# Decision Tree Implementation from Scratch

In [1]:
import pandas as pd
import numpy as np

## Dataset

In [2]:
X = np.array([[1,1,1],[1,0,1],[1,0,0],[1,0,0],[1,1,1],[0,1,1],[0,0,0],[1,0,1],[0,1,0],[1,0,0]])
y = np.array([1,1,0,0,1,0,0,1,1,0])

X_train  = pd.DataFrame(X ,columns=['Brown_Cap','Tapering_Stalk_Shape','Solitary'],index=[0,1,2,3,4,5,6,7,8,9])
y_train  = pd.DataFrame(y ,columns=['Edible'],index=[0,1,2,3,4,5,6,7,8,9])

frames = [X_train , y_train]
dataset = pd.concat(frames,axis=1)
dataset.head(10)

Unnamed: 0,Brown_Cap,Tapering_Stalk_Shape,Solitary,Edible
0,1,1,1,1
1,1,0,1,1
2,1,0,0,0
3,1,0,0,0
4,1,1,1,1
5,0,1,1,0
6,0,0,0,0
7,1,0,1,1
8,0,1,0,1
9,1,0,0,0


## Model

in a decision tree, we decide if a node will be split or not by looking at the **information gain** that split would give us. 
Where 

$$\text{Information Gain} = H(p_1^\text{node})- \left(w^{\text{left}}H\left(p_1^\text{left}\right) + w^{\text{right}}H\left(p_1^\text{right}\right)\right),$$

and $H$ is the entropy, defined as

$$H(p_1) = -p_1 \text{log}_2(p_1) - (1- p_1) \text{log}_2(1- p_1)$$

weighted entropy, defined as

$$\text{weighted entropy} = \left (w^{\text{left}}H\left(p_1^\text{left}\right) + w^{\text{right}}H\left(p_1^\text{right}\right)\right)$$

So, the root node has every animal in our dataset.

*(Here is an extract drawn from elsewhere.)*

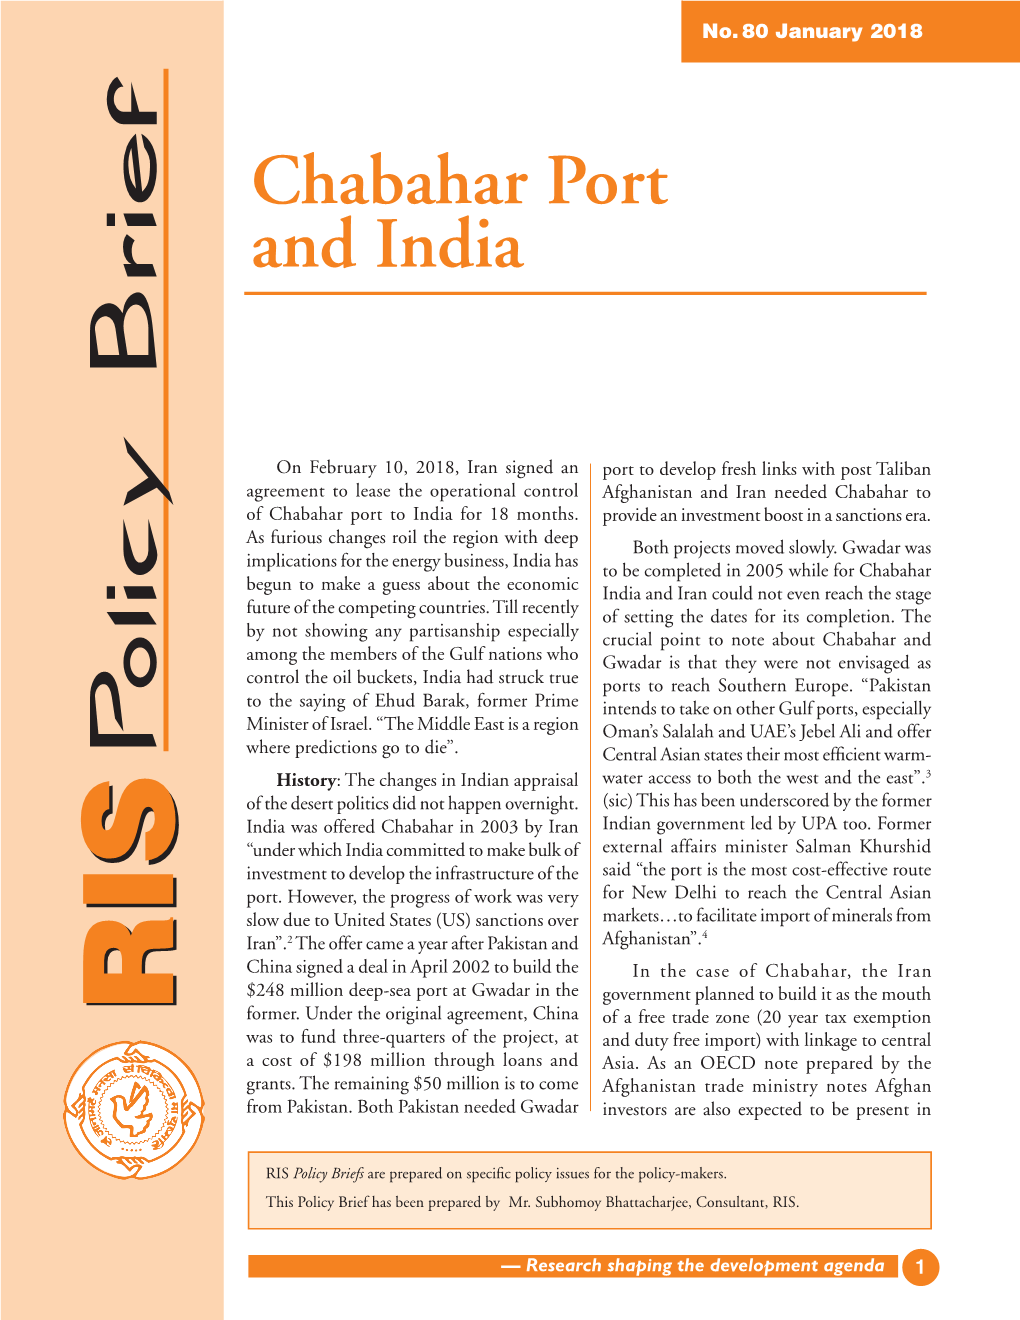 Chabahar Port and India

Remember that $p_1^{node}$ is the proportion of positive class (cats) in the root node.

In [3]:
root_indices = [0, 1, 2, 3, 4, 5, 6, 7, 8, 9]

In [4]:
def entropy(y):
    entropy = 0
    
    if len(y) != 0:
        p = len(y[y==1]) / len(y)       
        if p == 0 or p == 1:  entropy =  0
        else: entropy = -p * np.log2(p) - ((1-p) * np.log2(1-p))
            
    return entropy

In [5]:
def split_indices(X, node_indices,feature):
    left_indices = [] 
    right_indices = []
    
    for i in node_indices:
        if X[i][feature] == 1: left_indices.append(i)
        else: right_indices.append(i)
    
    return left_indices, right_indices

In [6]:
def information_gain(X,y,node_indices, feature):
    left_indices, right_indices = split_indices(X, node_indices, feature)
    
    y_node = y[node_indices]
    y_left = y[left_indices]
    y_right = y[right_indices]
    
    node_entropy = entropy(y_node)
    left_entropy = entropy(y_left)
    right_entropy = entropy(y_right)
    
    w_left = len(y_left) / len(y_node)
    w_right = len(y_right) / len(y_node)
    
    weighted_entropy = w_left * left_entropy + w_right * right_entropy
    information_gain = node_entropy - weighted_entropy
    
    return information_gain

In [7]:
def get_best_split(X,y,node_indices):
    num_features = X.shape[1]
    best_feature = -1
    max_info_gain = 0
    
    for feature in range(num_features):
        gain = information_gain(X, y,node_indices, feature)
        
        if gain > max_info_gain:  
            max_info_gain = gain
            best_feature = feature 

    return best_feature

In [8]:
tree = []

def build_tree_recursive(X, y, node_indices, branch_name, max_depth, current_depth):
    # stopping criteria
    if current_depth == max_depth:
        print( branch_name ," leaf node with indices " , node_indices)
        return
    
    best_feature = get_best_split(X, y, node_indices) 
    print("Depth %d, %s: Split on feature: %d" % (current_depth, branch_name, best_feature))
    
    left_indices, right_indices = split_indices(X, node_indices, best_feature)
    tree.append((left_indices, right_indices, best_feature))
    
    build_tree_recursive(X, y, left_indices, "Left", max_depth, current_depth+1)
    build_tree_recursive(X, y, right_indices, "Right", max_depth, current_depth+1)

In [9]:
build_tree_recursive(X, y, root_indices, "Root", 2, 0)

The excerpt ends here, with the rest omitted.